A Private War: A danger-junkie's story with a mixed-message about war coverage
By Liam Lacey
Rating: B
The way someone dies doesn’t usually define her life. Though in the case of Marie Colvin, the American-born Sunday Times war correspondent who was killed in Syria in 2012 at the age of 56, her risk-taking approach to her job and determination to be close to the action made her death as predictable as any casualty of war.
In the film, A Private War, Colvin’s is played by Rosamund Pike (Gone Girl, Barney's Version), an actress who’s typically reserved, bordering on stilted. She’s fully committed here in a performance of a woman of high convictions, a messy personal life, wracked by post-traumatic stress disorder and alcoholism.
As we follow her through war zones, we hear, in voice-over (Colvin’s own emotionally flat Long Island voice from an archival interview, which Pike perfectly captures in the film) her thoughts about her profession, including the importance of suppressing personal fear.
The movie. based on the 2012 Vanity Fair feature “Marie Colvin’s Private War” by Marie Brenner and directed by Matthew Heineman (he co-directed the documentary, Cartel Land) is presented as a portrait of flawed heroism.
Arash Amel’s screenplay is somewhat schematic, a long count-down to Colvin’s 2012 death in Homs, alternating between battle scene reporting and increasing personal chaos. We follow Colvin from the Sri Lanka civil war that cost her an eye, to the 2003 U.S. Iraq invasion, to Libya and Afghanistan and finally Syria.
The emphasis is on her independence and resourcefulness: In Iraq, for example, she splits from the “embedded” journalists, hires a freelance photographer, Paul Conroy, (played by Jamie Dornan) and uses her gym card to pretend she’s a medic to get past checkpoints. Hearing a rumour of a mass grave, she hires a construction crew to unearth the bodies, and while Conroy captures the images, she interviews the mourners.
Her editor, Sean Ryan (Tom Hollander) says somewhat trite things: That she’s a pain in the ass but the best at what she does, and he both cautions her about her erratic behavior, then throws her out in the field to win awards for him and the newspaper: “If you lose your conviction, then what hope do the rest of us have?” he says. If this were a drug addiction movie, which it sometimes feels like, he would stand as a co-dependent enabler.
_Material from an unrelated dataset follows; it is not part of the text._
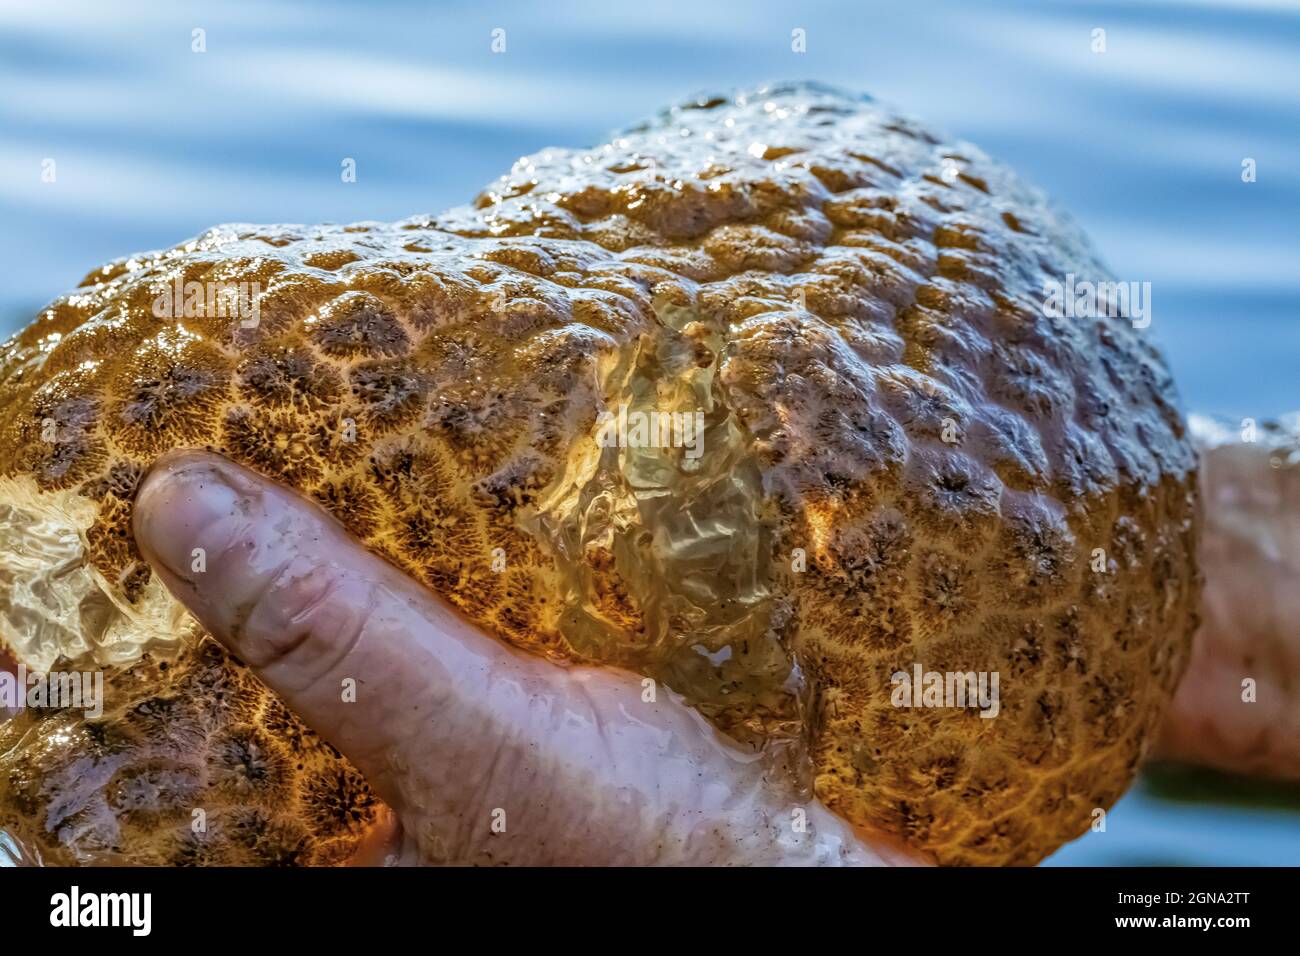 Süßwasser-Bryozoan, Pectinatella magnifica, mit einer Störung, die das gallertartige Innere zeigt, im Fawn Lake auf der Olympic Peninsula, Washington Stat Stockfoto

Stanley Tucci, in a fictionalized role, plays a louche, affectionate lover who meets her, half-sozzled, after a party, and stands in for her on-and-off again relationships with men. Between interludes away from whatever war zone, she lectures her colleagues on the importance of “first draft of history,” goes to parties and has a series of disorienting flashbacks, often of a dead Palestinian girl lying on her bed.
Off the battlefield, women colleagues and friends have the function of pointing out the obvious: “You’re not well,” or “How long have you been an alcoholic?”
Throughout, A Private War, struggles with a question that Colvin asked repeatedly: What do you have to show to make people care about other’s suffering? While the movie deserves plaudits for exploring the issue, ultimately it suffers from the same dilemma as media covering war zones, numbing us with a message of helplessness.